Improved performance of the Bacon-Shor code with Steane's syndrome extraction method

TL;DR

This paper demonstrates that Steane's syndrome extraction method significantly improves the performance of the Bacon-Shor code over Shor's method, especially in regimes with dominant gate errors, by using post-selection and flag qubits.

Contribution

The authors propose a post-selection strategy with flag qubits for preparing Bacon-Shor code states and show Steane's method outperforms Shor's in simulations, even with circuits that are not fully fault-tolerant.

Findings

Steane's method yields higher pseudo-thresholds than Shor's.
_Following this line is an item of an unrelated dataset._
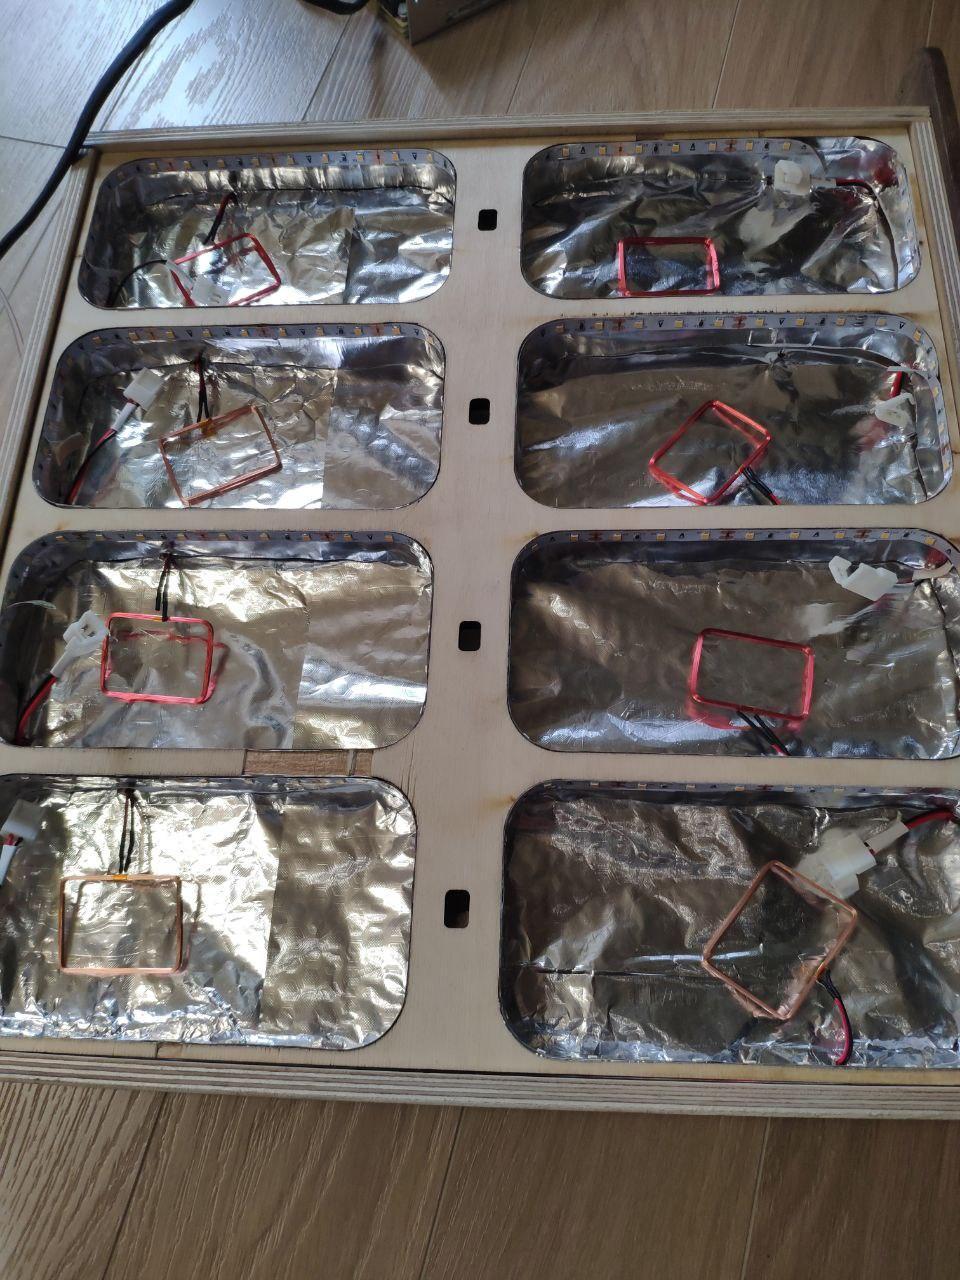 Умный стенд со смартфонами для тестировщиков — проект стартапа из акселератора Университета ИТМО - 4

The advantage of Steane's method increases with code distance.

Some non-fault-tolerant circuits outperform fault-tolerant Shor's protocols.

Abstract

We compare Steane's and Shor's syndrome extraction methods on the Bacon-Shor code. We propose a straightforward strategy based on post-selection to prepare the logical $|0\rangle_L$ and $|+\rangle_L$ states of the Bacon-Shor code by using flag-like qubits to verify their constituent Greenberger-Horne-Zeilinger states. We perform stabilizer simulations with a depolarizing Pauli error model and find that Steane's method significantly outperforms Shor's. Not only does Steane's method result in pseudo-thresholds that are about 1 order of magnitude higher than Shor's, but also its advantage increases monotonically as we go from a distance-3 to a distance-9 Bacon-Shor code. The advantage of Steane's method is the greatest in the regime where gate errors dominate over measurement errors. Some of the circuit constructions we propose for Steane's method are not formally fault-tolerant, yet outperform the formally fault-tolerant Shor's protocols for experimentally relevant physical error rates. This suggest that constructing formally fault-tolerant circuits that maintain the full code distance is not strictly necessary to guarantee the usefulness of a quantum error-correcting protocol. Despite relying on post-selection, we find that our methods can be efficient. These protocols would be naturally implementable on a platform with long-range qubit interactions like trapped ions or neutral atoms.